Doğruluk ve dürüstlük İslam ahlak anlayışında imandan sonra gelen en önemli erdemlerden biridir. Dürüstlük, sağlıklı bir toplum yapısının temel taşını oluşturur. Toplumda huzur, düzen ve güven ortamının oluşmasında dürüstlük en önemli etkenlerdendir. Ancak son yıllarda galibe bu değerlerimizi yitirmiş olacağız ki, Cuma namazında il müftülüğü doğruluk konusunu işleyecek.
Mehmet Aygün’ün hazırladığı hutbede; “ Peygamberlerde bulunması gereken beş temel esastan birisi olan sadakat(dürüstlük), kişinin özü ve sözü ile doğru olması demektir. Rasülullah (s.a.v)’ın Peygamberlik gelmeden önce “Muhammedü’l Emin”, “Güvenilir İnsan” olarak tanınmaktaydı. “Öyle ise emrolunduğun gibi dosdoğru ol. Beraberindeki tövbe edenler de dosdoğru olsunlar” ilahî emrine muhatap olan Sevgili Peygamberimiz doğruluğu temsilde zirve yapmıştır. “Ya Rasulellah İslam dini ile ilgili bana öyle bir söz söyle ki senden sonra onu kimseye sormayayım ve ona sarılayım.” diyen sahabeye peygamberimiz şu veciz nasihatte bulunmuştur: “Allah'a inandım de Sonra dosdoğru ol.” Doğruluk denince; düşüncede, sözde, niyette, iradede, azimde, vefâ ve amelde doğruluk şeklinde anlaşılmalıdır. Mü’min söz ve davranışları ile doğruluğu temsil eder. En yakınlarının hatta kendisinin aleyhine de olsa doğruluktan ayrılmaz. Kuran-ı Kerim bu durumu şöyle ifade eder: “Ey iman edenler! Kendiniz, ana babanız ve en yakınlarınızın aleyhine de olsa, Allah için şahitlik yaparak adaleti titizlikle ayakta tutan kimseler olun. (Şahitlik ettikleriniz) zengin veya fakir de olsalar (adaletten ayrılmayın). Çünkü Allah ikisine de daha yakındır. (Onları sizden çok kayırır.) Öyle ise adaleti yerine getirmede nefsinize uymayın. Eğer (şahitlik ederken gerçeği) çarpıtırsanız veya (şahitlikten) çekinirseniz (bilin ki) şüphesiz Allah, yaptıklarınızdan hakkıyla haberdardır.” Deniyor ve Ziya Paşa bu konuyu
“İnsana sadâkat yakışır görse de ikrah. Yardımcısıdır doğruların Hazret-i Allah” sözleri ile vurgu yapılıyor.

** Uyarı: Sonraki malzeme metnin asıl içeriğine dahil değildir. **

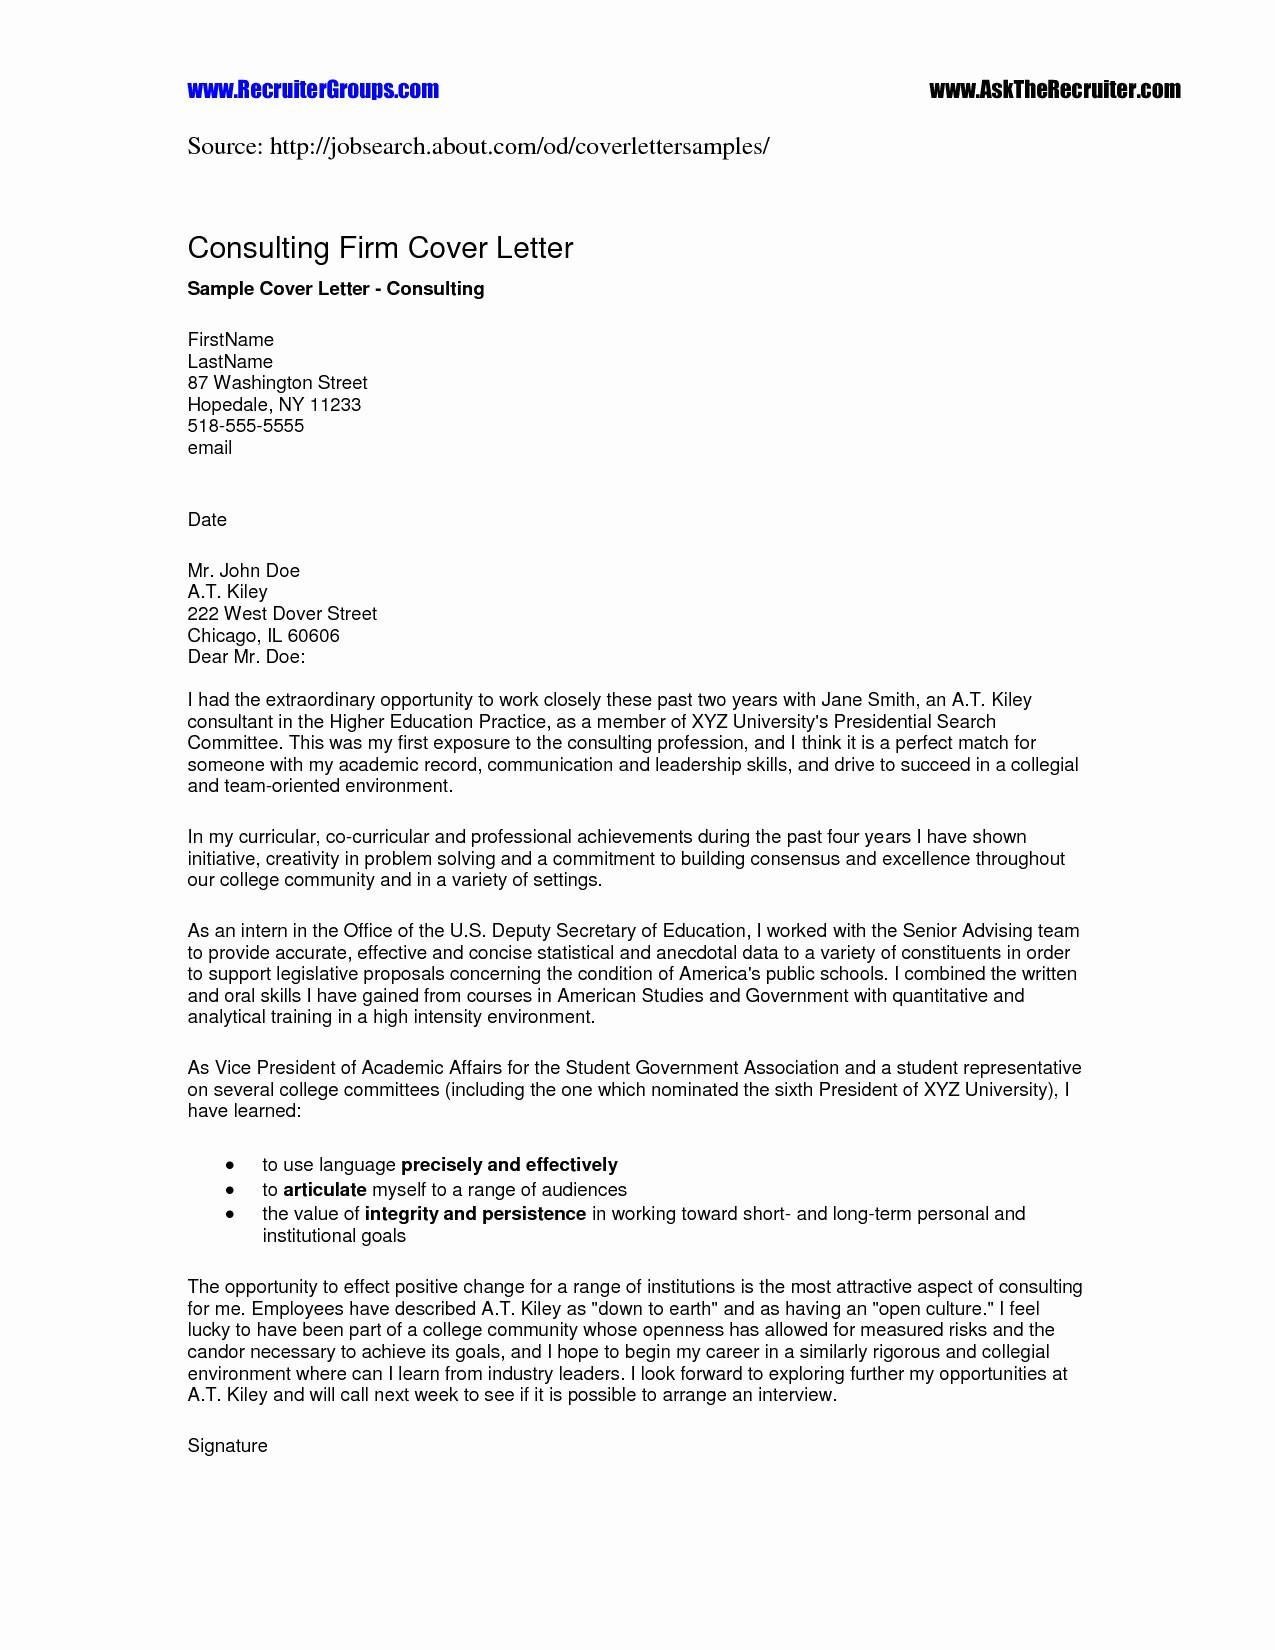 letter of credit cover letter - Kasta.magdalene-project.org

İCTİMAİ HAYATTA DÜRÜSTLÜK OLMAZSA OLMAZ
Hutbenin ikinci bölümünde ise; “ Müslüman inancında, ibadetinde, sözünde, işinde, alış verişinde, şahit olduğu konularda yani hem ferdî hem de ictimaî alanda doğruluktan ödün vermeyeceği gibi “Ey iman edenler! Allah’a karşı gelmekten sakının ve doğrularla beraber olun.” Emri gereğince de doğrularla beraber olmaya çalışır.Güzel ahlakın en büyük işareti sayılan doğruluk, küçük bir sapmaya bile tahammülü olmayan bir husustur. Doğruluk çizgisinden azıcık bir sapma bile giderek açıyı büyütecek ve kişiyi bulunması gereken çizginin çok ötesine atacaktır. Pembe yalanlarla doğruluktan ayrılan kişi zamanla sahtekârlığın karanlığında kaybolup gidebilir. Hz Peygamber(s.a.v) şöyle ifade buyurur: “Münâfığın alâmeti üçtür: Konuştuğu zaman yalan söyler, Söz verdiğinde sözünden döner, Kendisine bir emanet bırakıldığında emanete hıyanet eder.” Hutbemi bir Hadis-i şerif ile bitiriyorum: “Sakın doğruluktan sapmayın! Çünkü doğruluk sizi üstün ahlâka ulaştırır, üstün ahlâk ise cennete götürür. Doğruluk ve dürüstlüğe devam eden kişi, neticede (Allah’ın katında) ‘sıddîk’ (yani dürüstlüğü karakter haline getiren insan) olarak yazılır. Yalan söylemekten de kaçının! Çünkü yalan insanı günahlara sürükler; günahlar ise cehenneme götürür. Kişi yalan söyleye söyleye en sonunda Allah’ın katında kezzâb (yani yalancılığı huy haline getirmiş kimse) diye yazılır.” Diyerek hutbe tamamlanıyor.